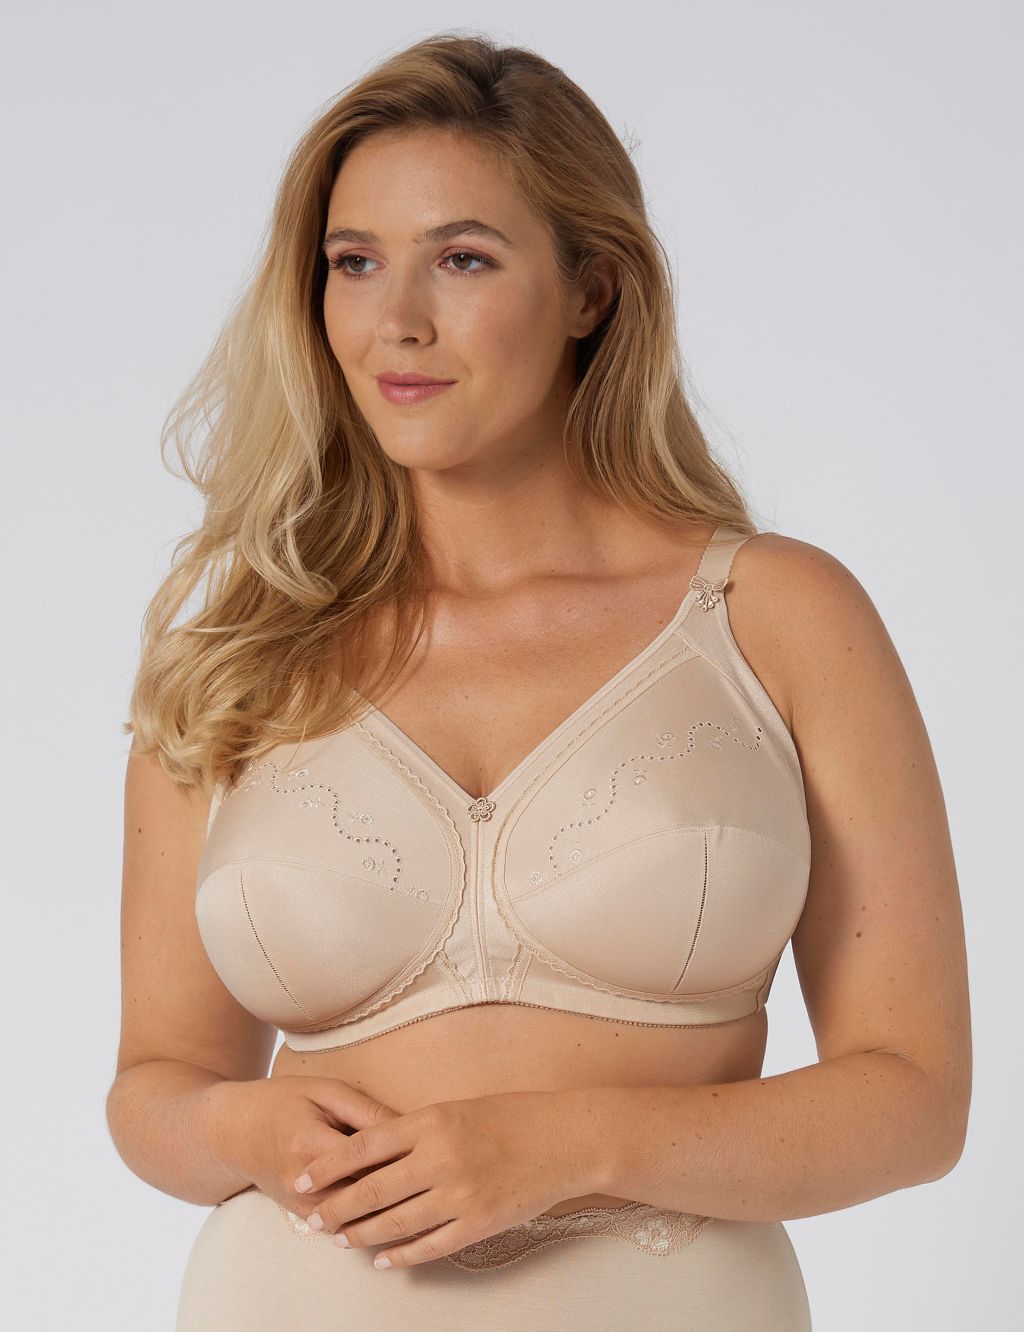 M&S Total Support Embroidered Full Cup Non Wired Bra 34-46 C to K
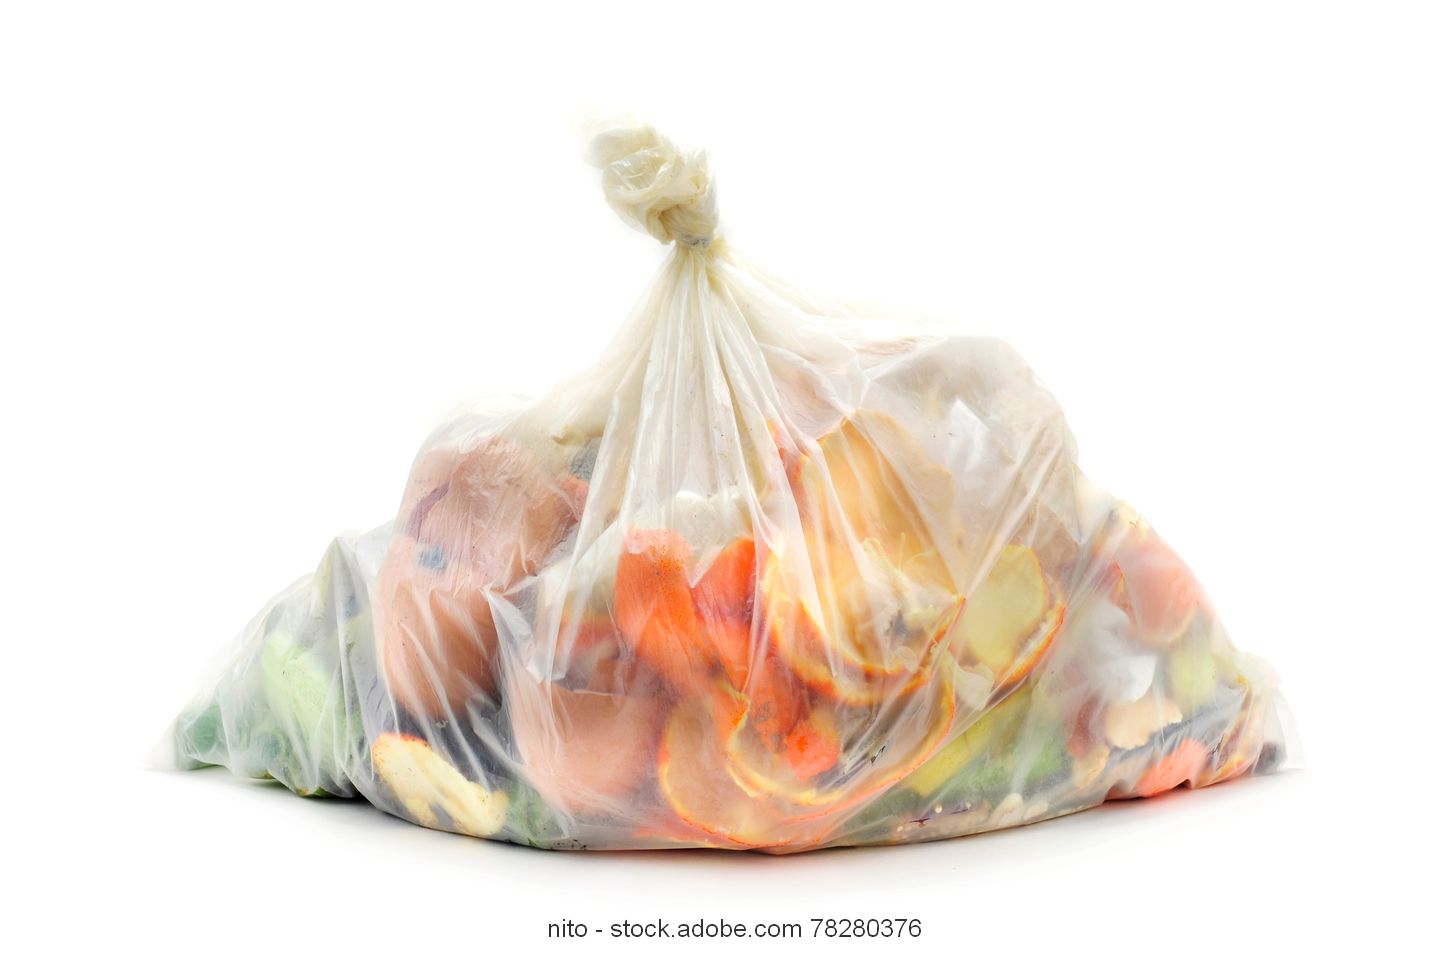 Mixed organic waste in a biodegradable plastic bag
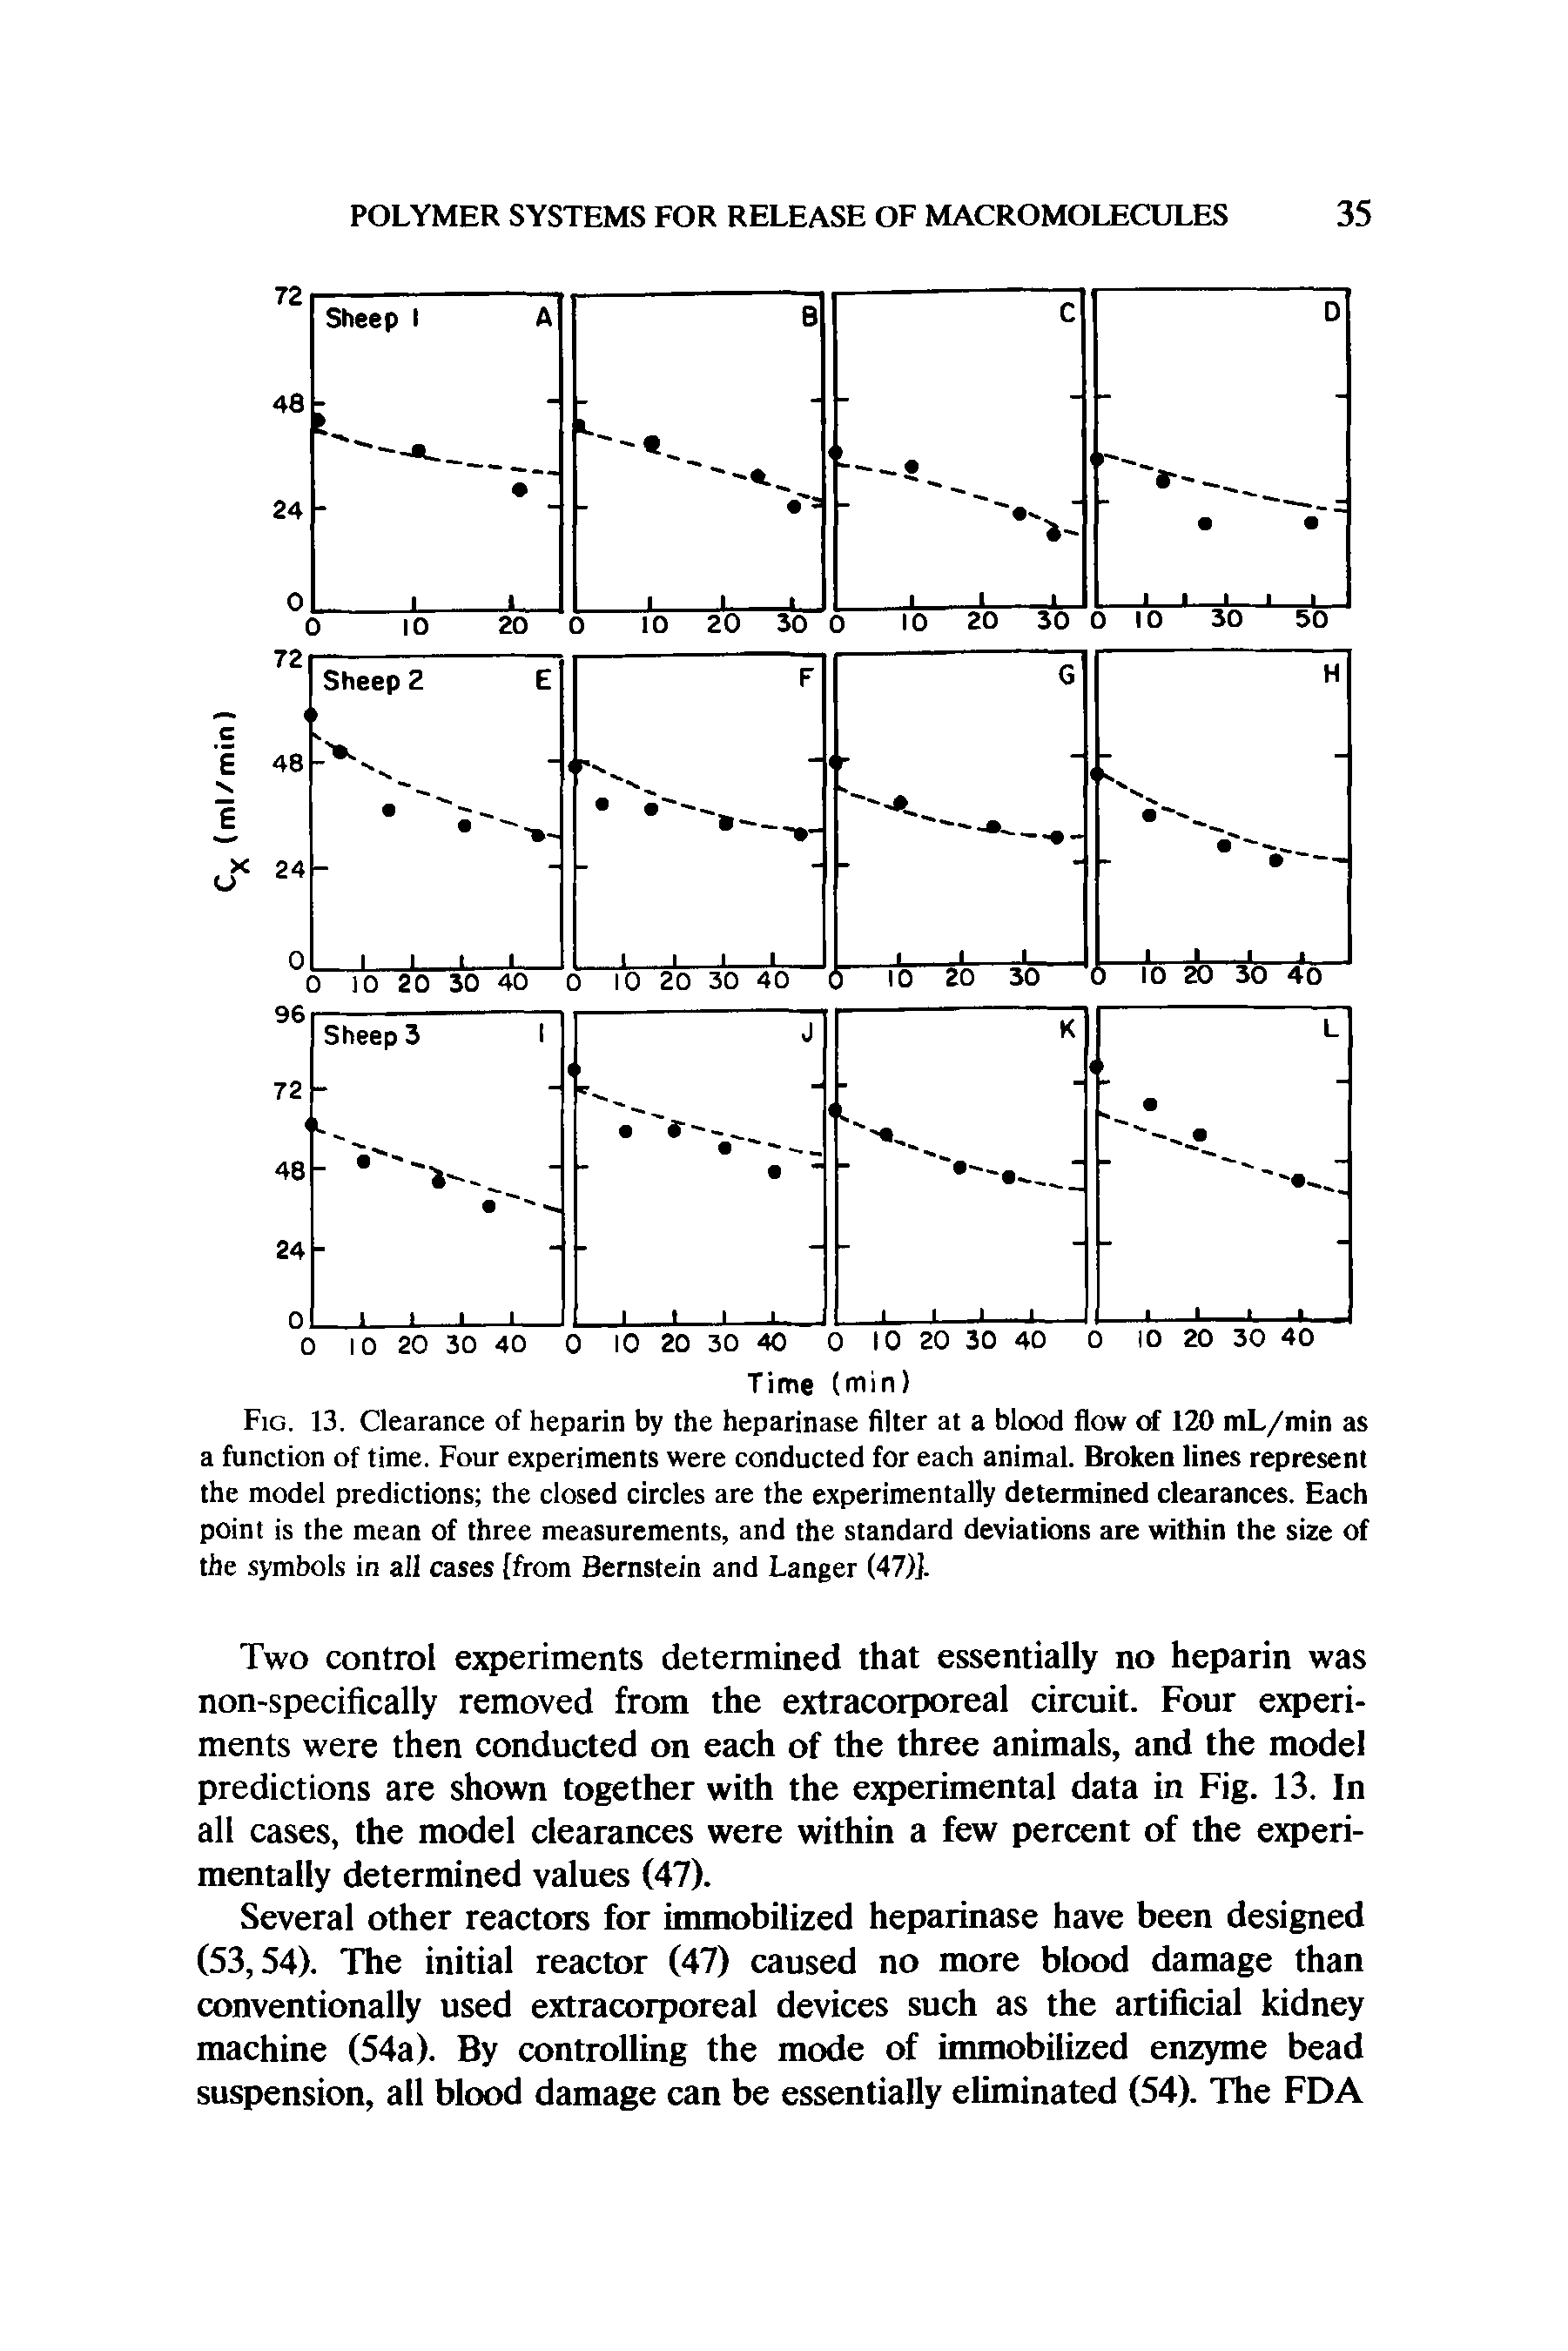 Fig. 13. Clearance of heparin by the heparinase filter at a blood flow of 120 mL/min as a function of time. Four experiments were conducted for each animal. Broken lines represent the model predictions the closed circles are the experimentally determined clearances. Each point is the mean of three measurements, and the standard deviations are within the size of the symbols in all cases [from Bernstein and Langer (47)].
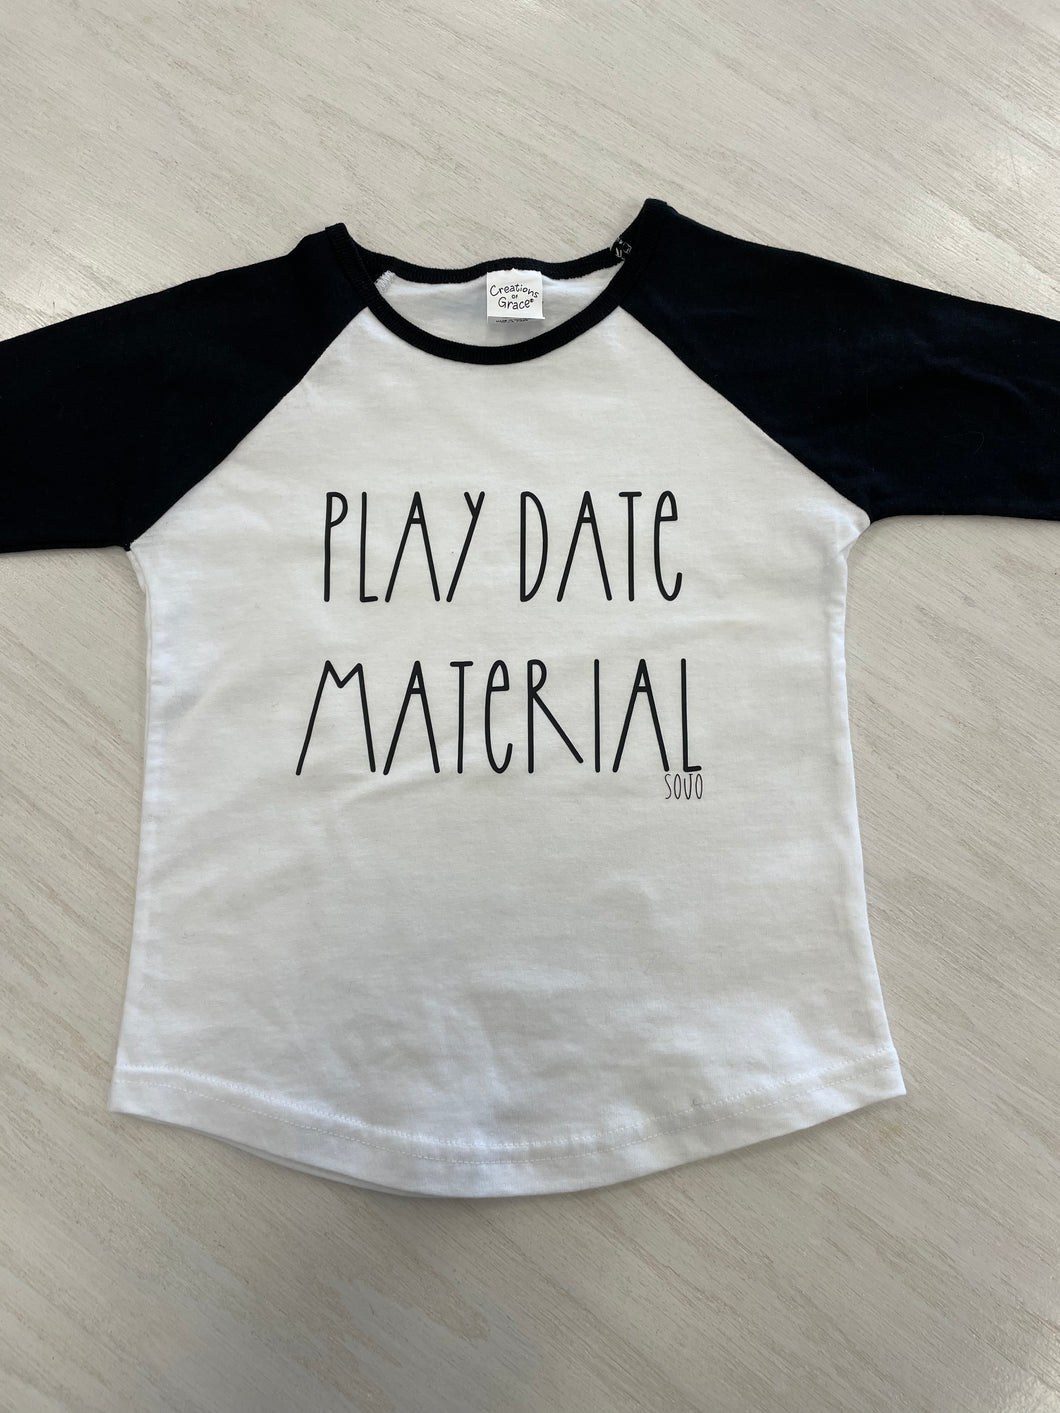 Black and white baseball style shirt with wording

— WHAT NEEDS TO BE DONE —
Write out an exact reproduction of the lines from the line that holds "Mixed organic waste" to the bottom of the listing above, both ends included. Exclude pictures.

— TASK OUTPUT —
 Mixed organic waste in a biodegradable plastic bag
 Fig. 13. Clearance of heparin by the heparinase filter at a blood flow of 120 mL/min as a function of time. Four experiments were conducted for each animal. Broken lines represent the model predictions the closed circles are the experimentally determined clearances. Each point is the mean of three measurements, and the standard deviations are within the size of the symbols in all cases [from Bernstein and Langer (47)].
 Black and white baseball style shirt with wording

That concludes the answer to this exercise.